INTRODUCTION: Objective: With the increasing use of whole-exome sequencing, one of the challenges in identifying the causal allele for a Mendelian disease is the unavailability of population-specific human genetic variation reference databases. People of Turkey were not represented in GnomAD or other publicly available large databases until recently when the first comprehensive genomic variation database, Turkish Variome (TRV), was published. This study aims to evaluate whether TRV or other publicly available large genomic variation databases can reliably be used for rare disease variant evaluation from Turkish individuals.
METHODS: Methods: We identified 60 non-disease-causing non-synonymous variants (minor allele frequencies >1%) in 58 genes that are known to be associated with idiopathic hypogonadotropic hypogonadism (IHH) from a large Turkish patient cohort. We then compared the allelic frequencies of these variants with those in various public genomic variation databases, including TRV.

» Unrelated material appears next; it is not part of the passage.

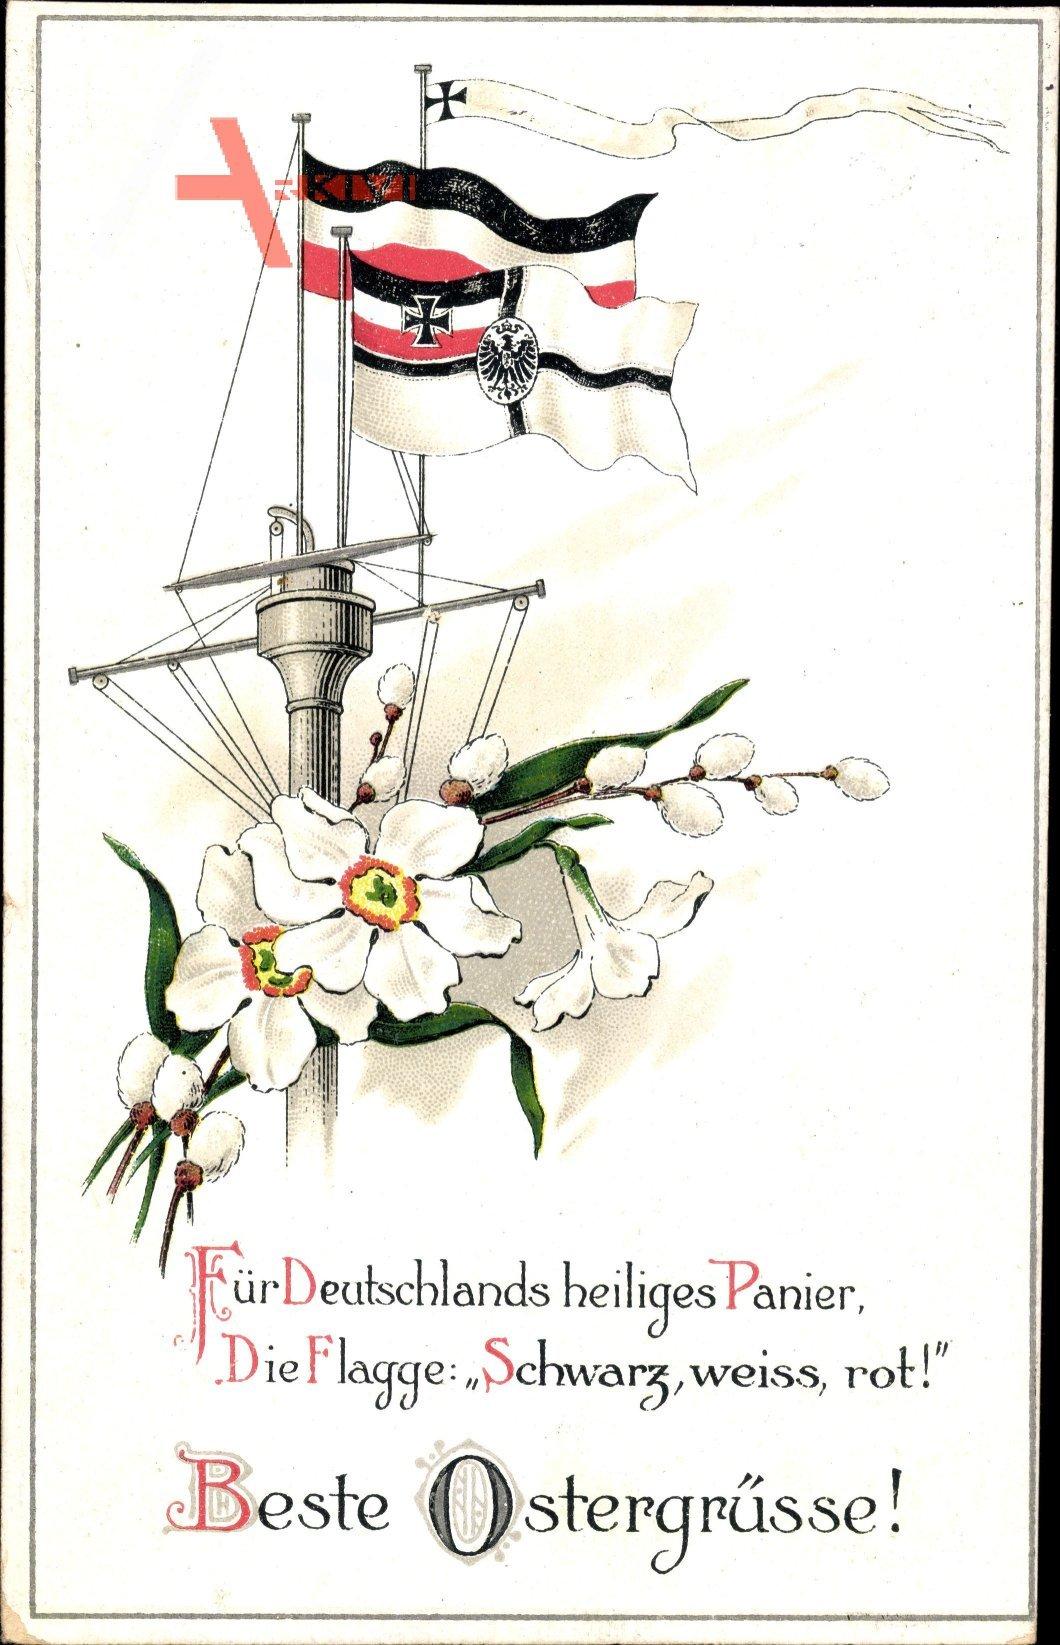 Glückwunsch Ostern, Fahnen, Schiffsmast, Weidenkätzchen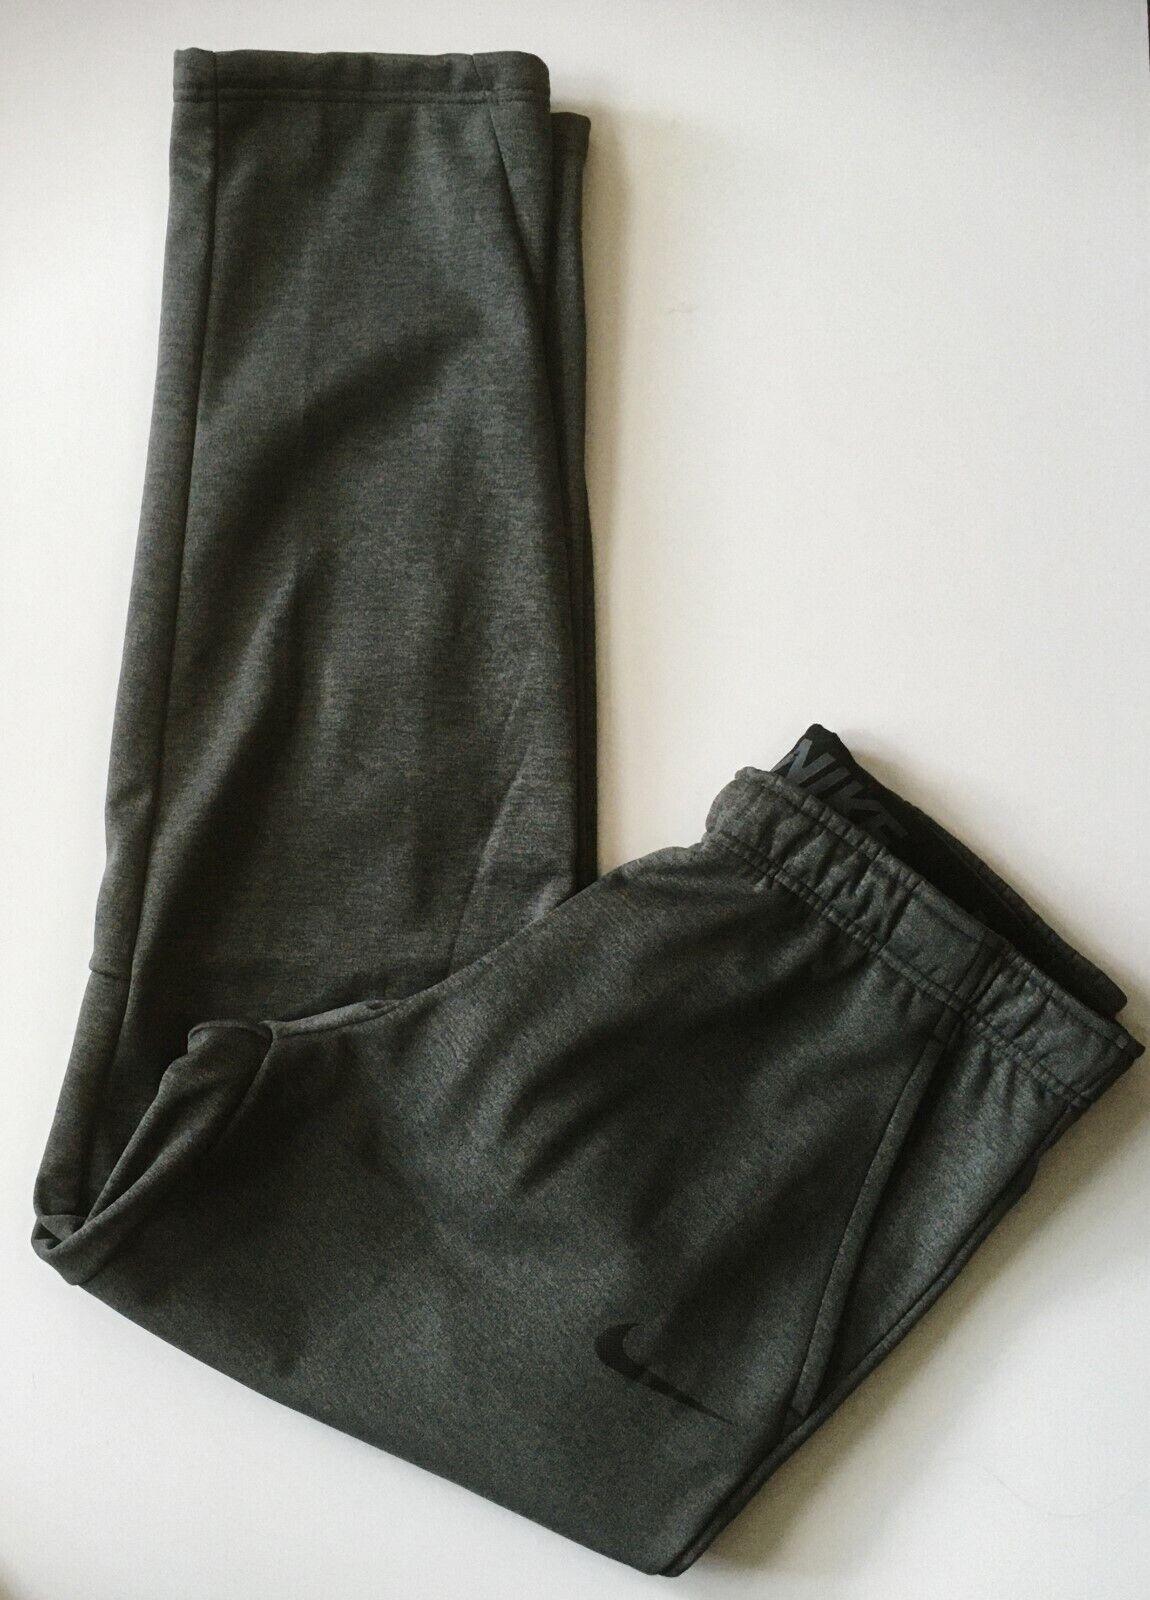 NIKE Men's $55 THERMA Fleece Training Pants NEW 932253-071 D

RESULTS: Results: Our cohort variants showed the highest correlations with those in the TRV, Iranome, and The Greater Middle East Variome, in decreasing order.
DISCUSSION AND CONCLUSION: Conclusion: These results suggest that the TRV is the appropriate database for the Turkish population for rare genomic variant evaluations. Our data also point out that variomes from geographic neighborhoods may serve as substitute references for populations devoid of their own genomic variation databases.